С едой в тыловой части было не очень, и голодные солдатики шли на рынок, где попрошайничали: «Тетенька, дай хоть кусочек хлеба», но и «стырить», что плохо лежит, могли. Мать, работавшая в части поваром, вспоминала: «Начинаешь готовить, а за тобой пригляд ребят из наряда, голодных и жадных от постоянного недоедания. Рука не поднимется взять хотя бы кусок из общего котла. И страшно их, и жалко их. Устроилась как-то году в сорок третьем одна местная, карачаровская. Мы сразу предупредили её: «Только бога ради не возьми что-нибудь. Супа тарелку и каши тебе без того дадут. Здесь наешься, а для дома твоя карточка продовольственная цела». Так нет же, не выдержала, кусок маргарина сунула в лифчик перед уходом со смены. Солдаты, конечно, заметили. Сообщили на проходную. Там задержали её. Хорошо, командир полка, мужик боевой и душевный, не дал делу ход, ограничившись увольнением. А дома детей двое, и от мужа с фронта никаких вестей…»

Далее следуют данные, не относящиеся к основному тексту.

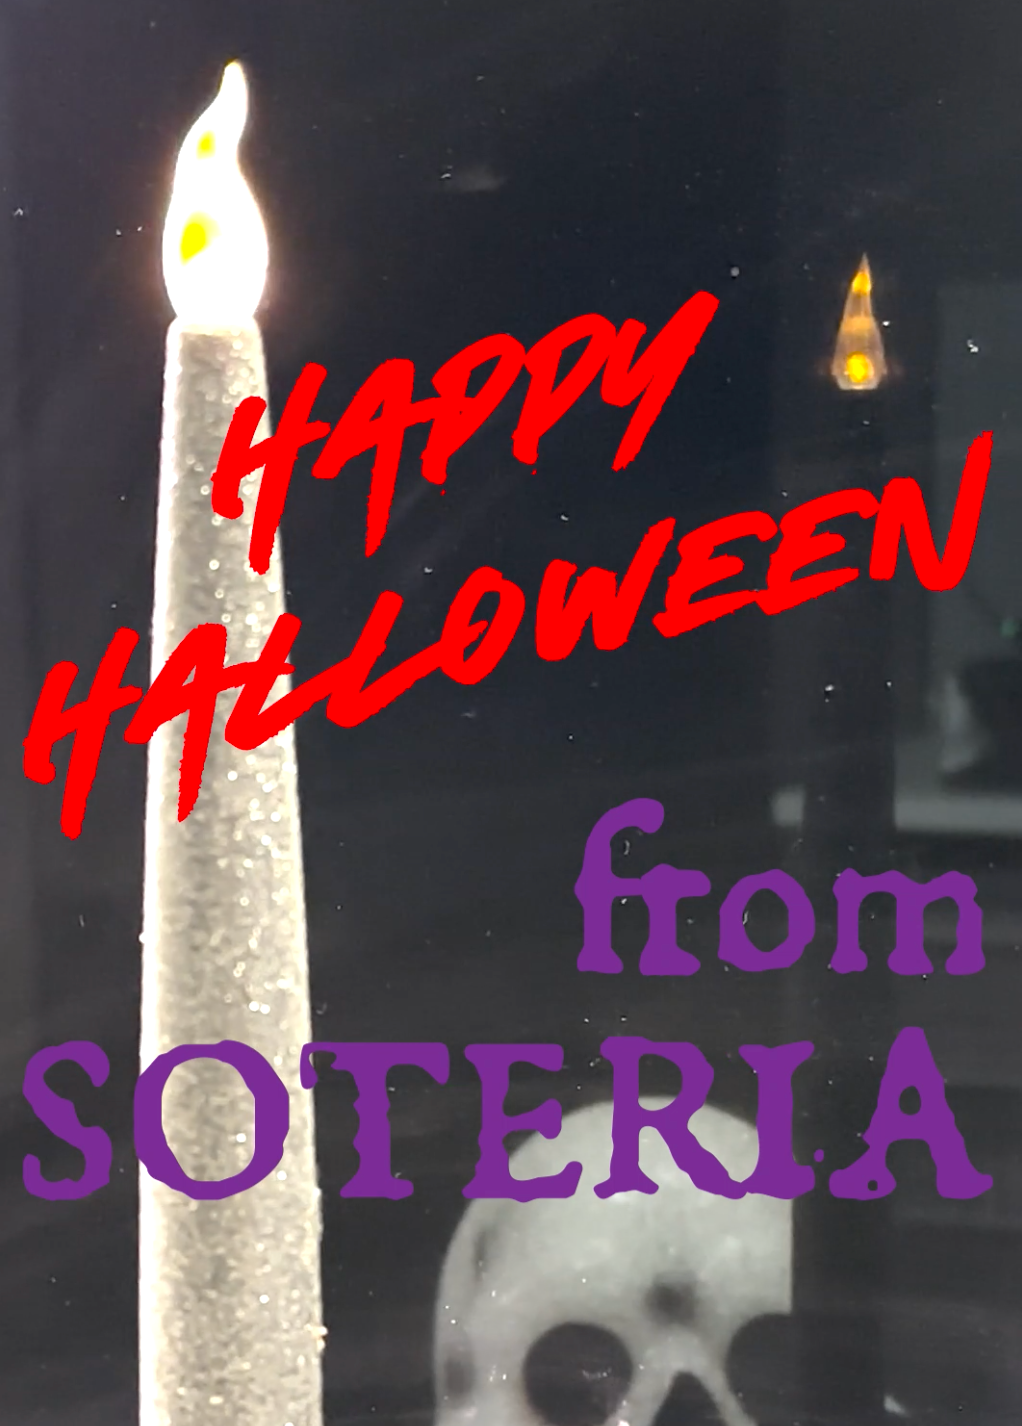 A candle and skull are reflected in a black mirror, text: Happy Halloween from Soteria

Вспоминаю новобранцев конца войны, худющих, бледных, тонкошеих (на чем только голова держалась?), в вечно распущенных, волочащихся обмотках. Чтобы представить их, достаточно взглянуть на нынешних подростков, убавить у них весу килограммов на десять, и готов солдат 44-го года.

Призывали уже семнадцатилетних юнцов и стариков, так что собирались в одной роте отцы и дети.

В части я бывал ежедневно, убегая из садика к матери. Здесь меня знали, постовые на входе не обращали на меня никакого внимания, и я проходил в часть беспрепятственно, шлялся по парку и казармам, смотрел вместе с солдатами в клубе кино, вместе с ними ходил на футбол. Страсть эта болельщицкая сохранилась по сей день.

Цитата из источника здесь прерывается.